Whoops: Volkswagen Leaks Sensitive Data Of 800,000 Electric Vehicle Owners
Back in 2023 Mozilla issued a report indicating that automakers have some of the worst privacy and security standards in all of tech, routinely hoovering up oceans of consumer behavior and phone data then failing to adequately secure it. Senator Ron Wyden has been at the forefront of calls for Congress to shake off corruption and, you know, actually do something useful about it.
The U.S. Congress is too corrupt to function, so that never actually happens. Instead we get a rotating crop of avoidable scandals by companies that see no financial or reputational incentive to change.
Case in point: a new report by German magazine Der Spiegel found that a flaw in Volkswagen, Audi, Seat, and Skoda vehicle software exposed the personal data of more than 800,000 owners, including user email addresses, phone numbers, and addresses. The flaw in the companies’ software configuration and cloud storage also allowed intruders to track the location of some vehicle owners to “within ten centimeters.”
Politicians in Germany, who were among those impacted, aren’t amused:
“I’m shocked,” says [Nadja] Weippert when SPIEGEL shows her her location data from the past few months.

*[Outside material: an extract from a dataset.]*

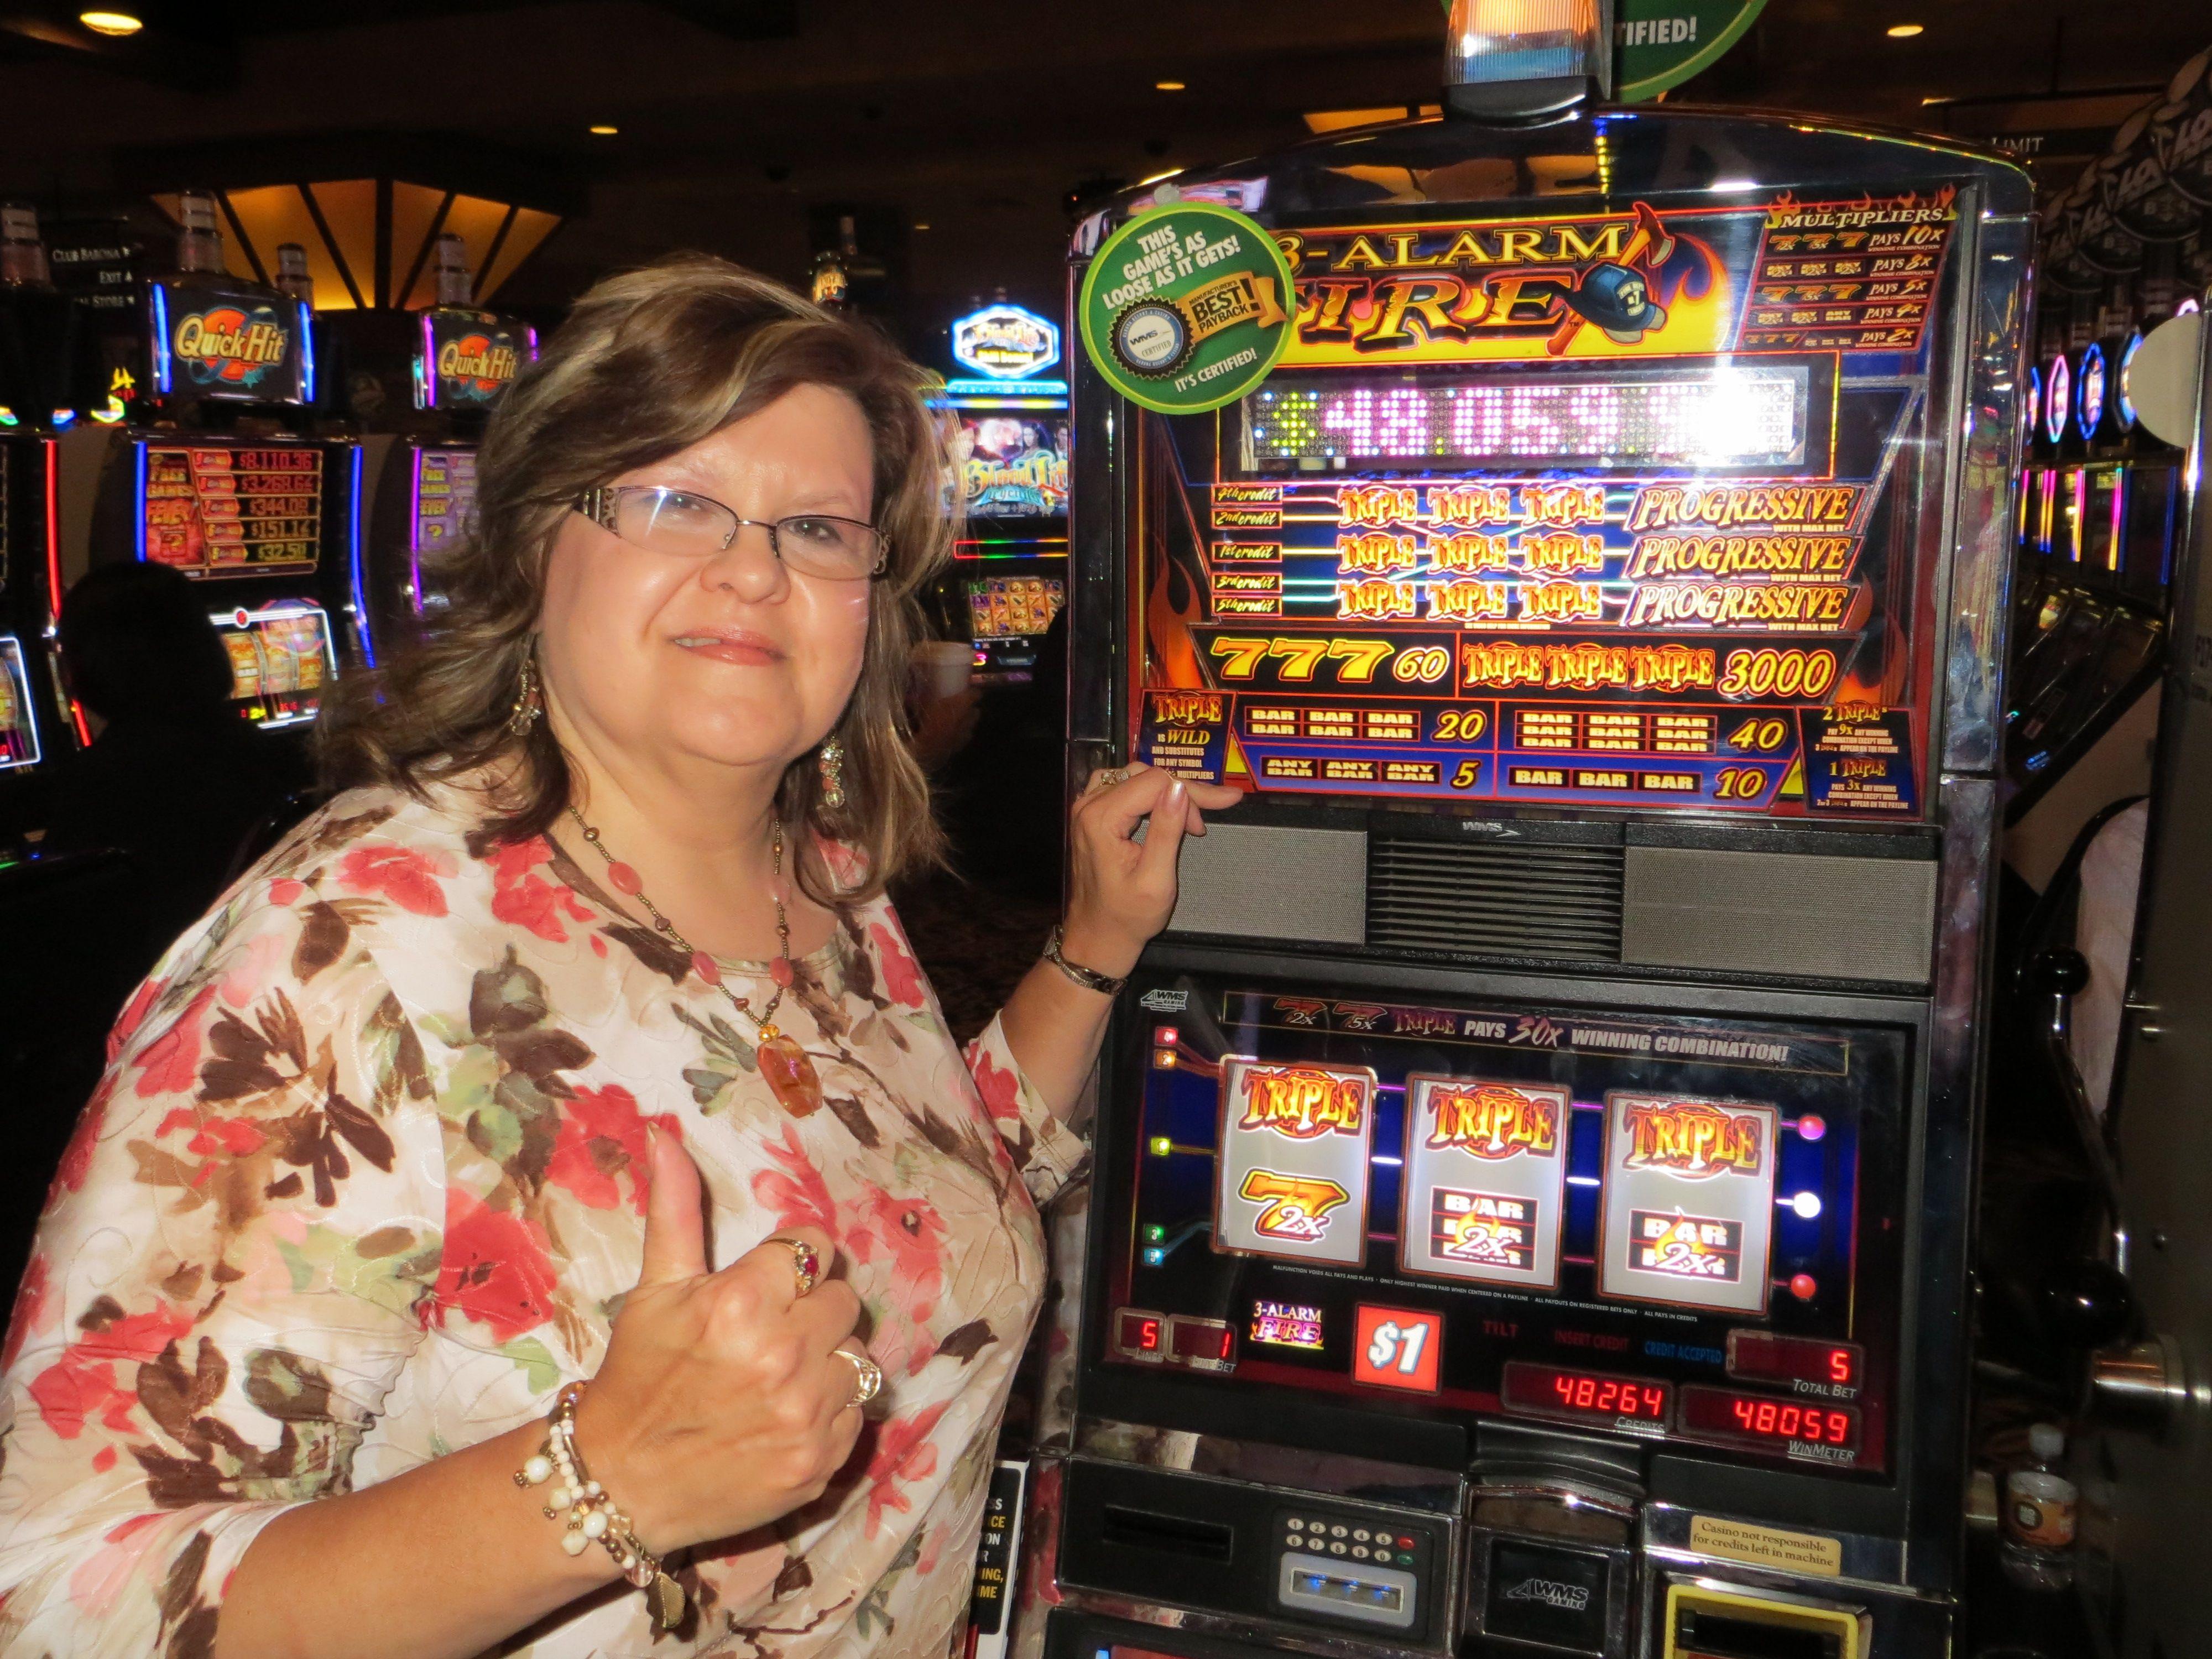 Margie hit for $48,060.00 on our Dollar 3 Alarm Fire. | Best casino, Casino  resort, Casino hotel

As a state and local politician, she is exposed to hostility and threats. “It cannot be that my data is stored unencrypted in the Amazon cloud and then not even adequately protected,” she says. “I expect VW to stop this, collect less data overall and anonymize it in any case.”
Regular readers of course know that “anonymizing” is a gibberish terminology that doesn’t actually mean your data is secure. Regular readers also know that automakers collect way more data than they actually need, routinely fail to clearly inform car owners this data is being collected, sell access to numerous dodgy data brokers, and often fail to protect data integrity or encrypt sensitive consumer data.
Here in the States there’s, again, simply no meaningful incentive for change. Volkswagen is currently finishing losing a $3.5 million appeal related to the leak of data from more than 3.3 million current and potential car owners. If automakers do see fines, they’re a tiny fraction of the money being made from data over-collection and monetization, and can routinely be litigated down even further.
With the U.S. entering an unprecedented era of mindless deregulation at the hands of corrupt authoritarians (with regulatory independence on the immediate chopping block), you can absolutely expect these kinds of scandals to get worse. At least until there’s a scandal so massive in scope (likely exposing the bad habits of powerful people) that Congress is incentivized to shake off corruption.